3. ‘In principle’ approval of PPPAC

(a) The sponsoring ministry submits its proposal to the PPPAC secretariat (PPP Cell) and a term-sheet containing the features of the proposed project agreements.

(b) The PPPAC meets within three weeks to consider the proposal.

(c) If the project is based on the MCA, ‘in principle’ clearance is not necessary. In such cases, PPPAC approval may be obtained before inviting the financial bids (RFPs) as detailed below.

4. Pre-qualification of bidders: After the ‘in principle’ clearance of PPPAC, the sponsoring ministry may invite RFQ to be followed by short-listing of pre-qualified bidders.

5. Drawing up project documents: The documents to be prepared include the concession agreement and other associated agreements.

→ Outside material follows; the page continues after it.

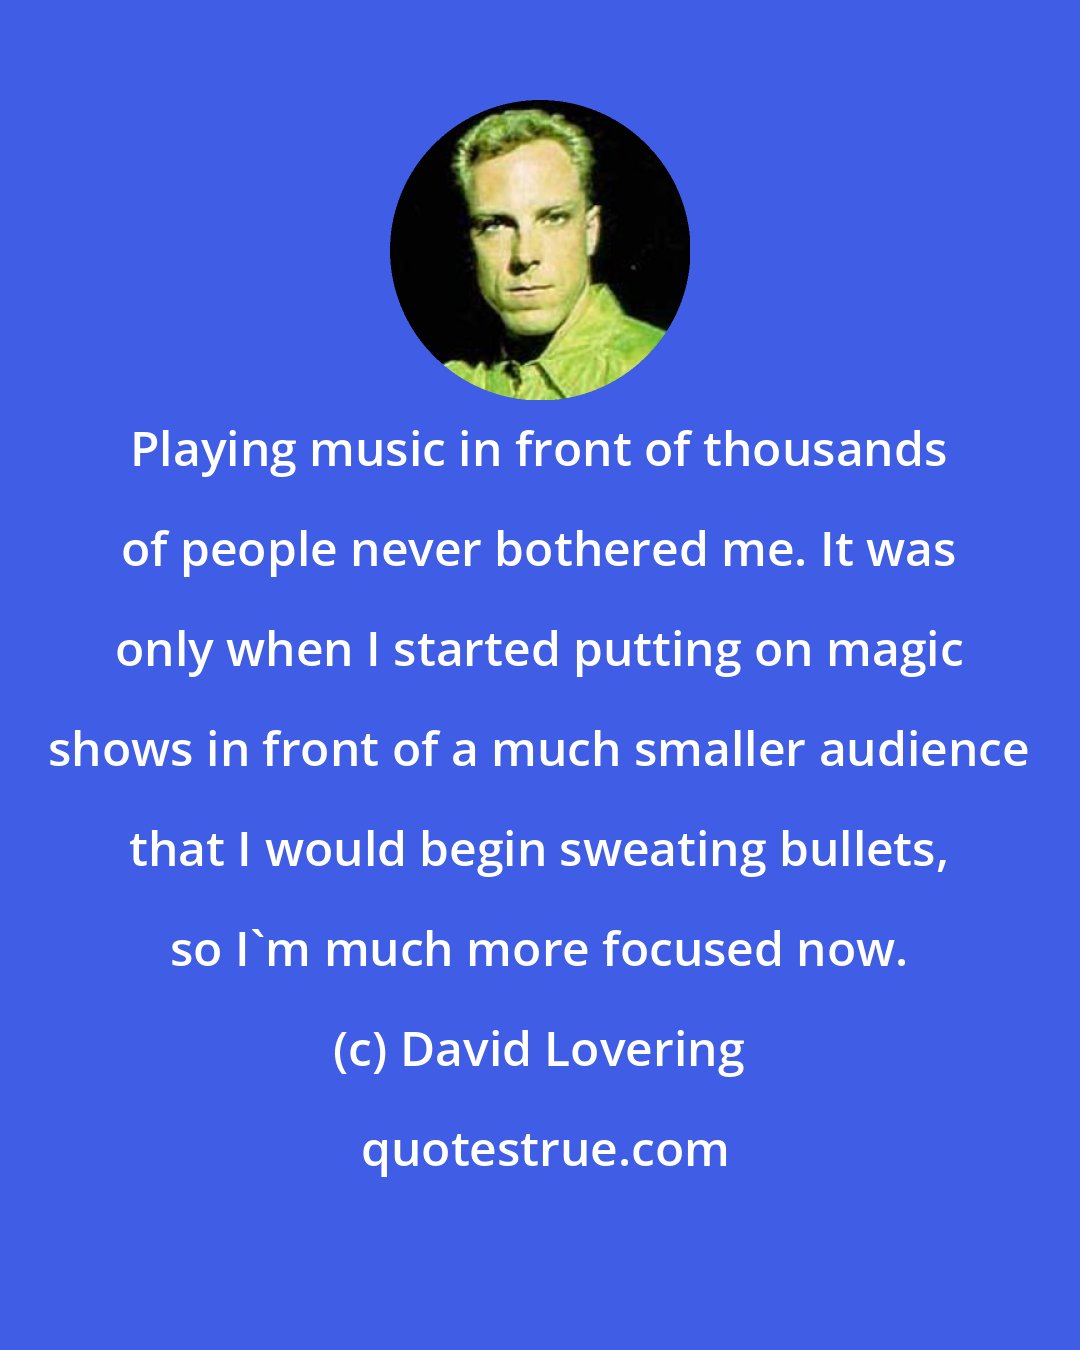 David Lovering: Playing music in front of thousands of people never bothered me. It was only when I started putting on magic shows in front of a much smaller audience that I would begin sweating bullets, so I'm much more focused now.

6. Appraisal/approval of PPPAC

(a) Invitation to submit financial bids (RFP) should include a copy of all the agreements that are proposed to be entered into with the successful bidder. The sponsoring ministry needs to get the draft RFP cleared by the PPPAC before inviting the financial bids.

(b) The proposal for seeking PPPAC clearance is to be sent to the PPPAC secretariat along with copies of all draft project agreements and the project report.

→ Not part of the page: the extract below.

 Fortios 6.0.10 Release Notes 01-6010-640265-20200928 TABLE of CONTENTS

(c) The plan panel forwards its ‘appraisal note’ to the PPPAC secretariat. The ministry of law and any other ministry involved will also forward comments to the PPPAC secretariat within the stipulated time period. The PPPAC secretariat will forward all the comments to the sponsoring ministry for submitting a written response to each of the comments.

(d) The concession agreement and supporting documents, along with the PPPAC memo, will be submitted for consideration of PPPAC. The PPPAC will take a view on the ‘appraisal note’ and on the comments of different ministries, along with the response from the sponsoring ministry.

(e) The PPPAC either recommends the proposal for approval of the ‘competent authority’ (with or without modifications) or request the sponsoring ministry to make necessary changes.

(f) Once cleared by the PPPAC, the project is put up to the ‘competent authority’ for final approval.

7. Invitation of bids (RFP): Financial bids are invited after final approval of the ‘competent authority’, but can also be invited after PPPAC clearance. (For Rs 75 crore-Rs 150 crore project cost, the ‘competent authority’ is the minister in charge of the sponsoring ministry and the minister of finance. For a project costing Rs 150 crore or more, the competent authority is the CCI.)

(B) The evaluation and approval of PPPs that cost less than Rs 100 crore is as follows.

Type of proposal

Financial limits

Appraisal forum

Approval forum

All PPP projects of central ministries and PSUs

Less than Rs 25 crore

The sponsoring ministry or department

Secretary of the ministry or department

From Rs 25 crore to Rs 100 crore

Standing finance committee or SFC*

Minister in charge

*The SFC consists of the sponsoring ministry’s secretary in the chair and the financial adviser and a joint secretary as members; also included is a representative of the department of legal affairs of the ministry of law.